In a report when Roy's model was used on battered women, it was challenging for the study group to assist the women to redefine their close relation with the partners in various societies. So, further research is required to explicate the adaptation strategy and the responses from such conditions (Woods & Isenberg, 2001).
If we evaluate, Orem focuses on finding the self-care deficit of the individual and providing the required care to market his / her well-being. Whereas, Roy can be involved with the various stimuli that makes adaptation in order to achieve perfect health. Relating to Denyes, Orem and SozWiss (2001) personal care is recognized as a practical make an effort as it focuses on human performing and growth by deliberate action in existing or changing environment. Furthermore, it's been valued as a practice model because of the depth of knowledge and skills required by attention providers. Orem's theory is derived from the clinical base which provides a thorough base for nursing practice. Through books review, it's been found that Orem's model has been found in several medical situations, community setting, education and research and it has been applicable to all such scenarios.
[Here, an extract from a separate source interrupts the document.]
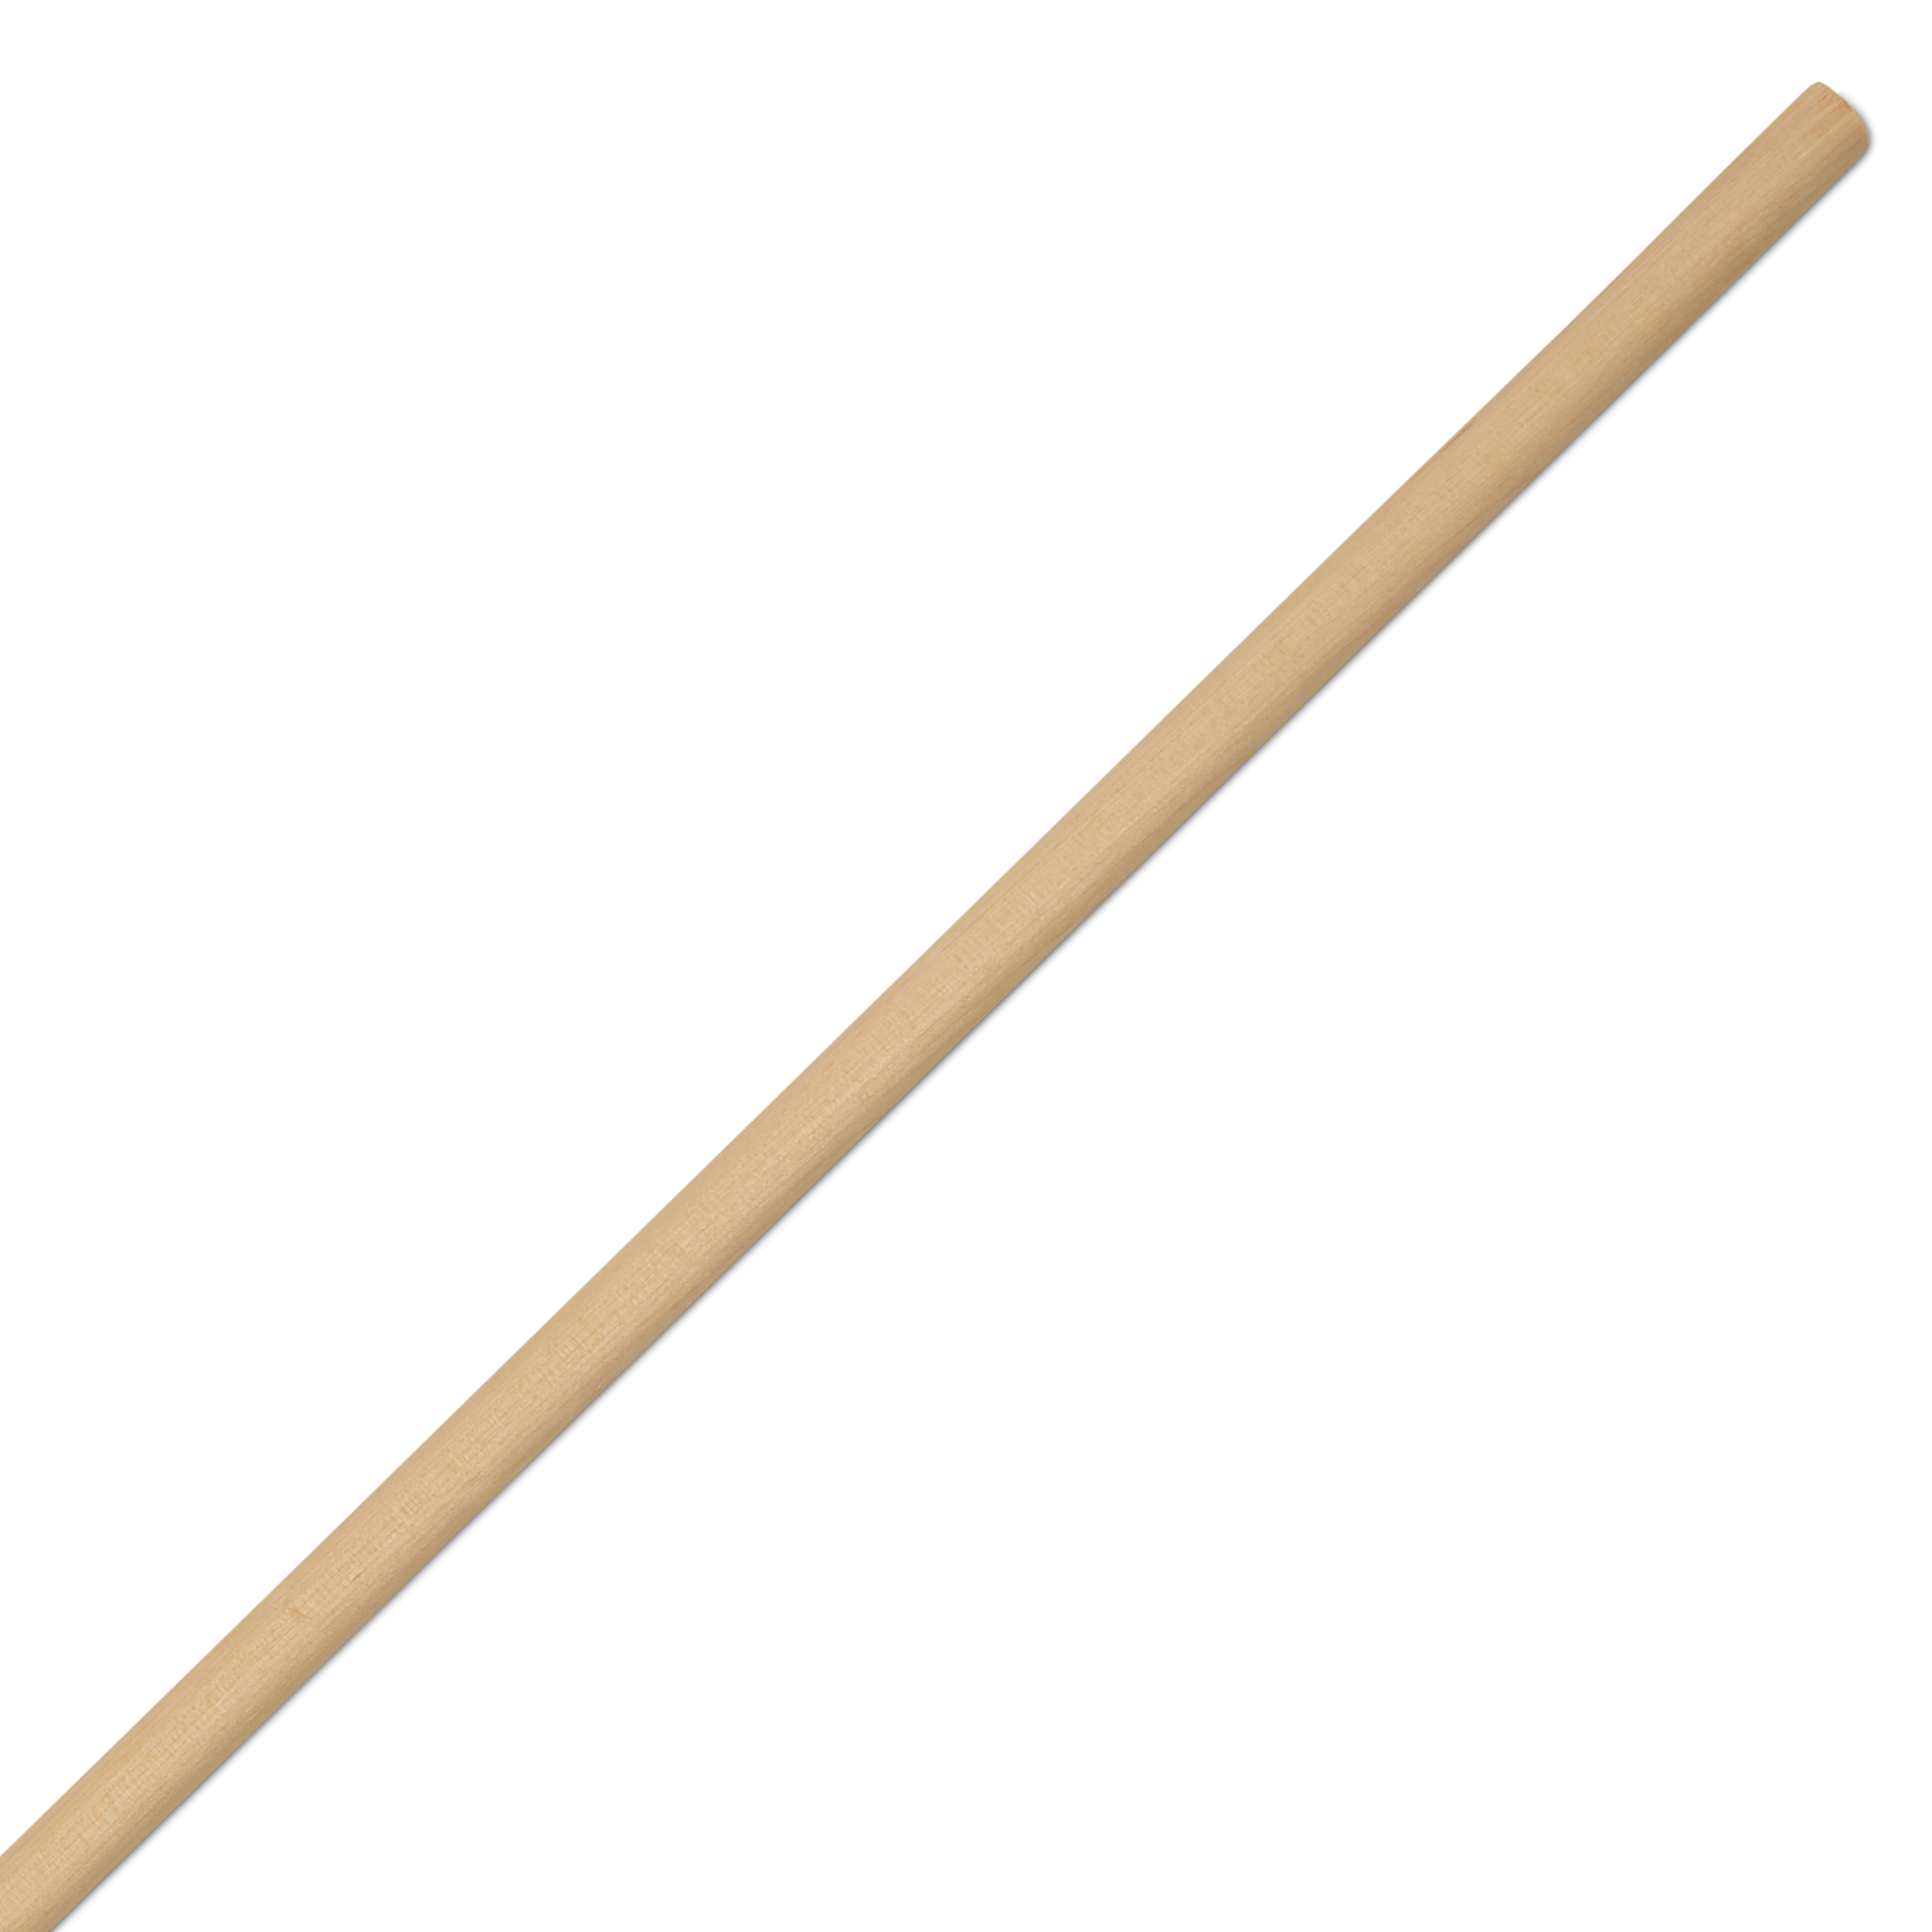 Dowel Rods Wood Sticks Wooden Dowel Rods 5/16 x 18 Inch Unfinished Hardwood Sticks for Crafts and DIY’ers 100 Pieces by Woodpeckers

Orem's model is good in terms of applicability, but tips suggest that an element of spirituality must be put into the model. Spirituality has an essential role in the process of health problems to wellness therefore it requires incorporation in Orem's model. Individuals make use of it as support systems throughout their durations of illness and challenges, specially regarding our eastern culture. Even, White, Peters and Schim (2011) propose the addition of the facet of spirituality in Orem's theory, which means it has equal importance in the traditional western culture as well.
Orem's model is more functional, relatively simple and generalizable to apply to a number of patients in several conditions. It seems complicated as there are three theories contained, but once learned and understood it could be easily put on different medical situations, community configurations, education and research. Basically, when working in the ER, I took attention of the patients and intervened accordingly. When today I examine those interventions, I unintentionally or subconsciously used Orem's model of self-care and this justifies how simple and sensible her model is. Roy's is more challenging to apply credited to a variety of concepts and sub concepts included and their connections among themselves is too intricate. The amount of complexity might create it wide-ranging in range and generalizability, but the compound relations among its sub ideas make its applicability more difficult.
It is important for nurses to examine the different theories and its applicability in several specialized medical situations. The statements and arguments mentioned above justify that Orem's theory would work to nursing practice and is applicable to all or any situations where condition, disorder or disability is involved. Orem's theory and its own comprehensiveness give an possibility to apply it to almost all clinical scenarios.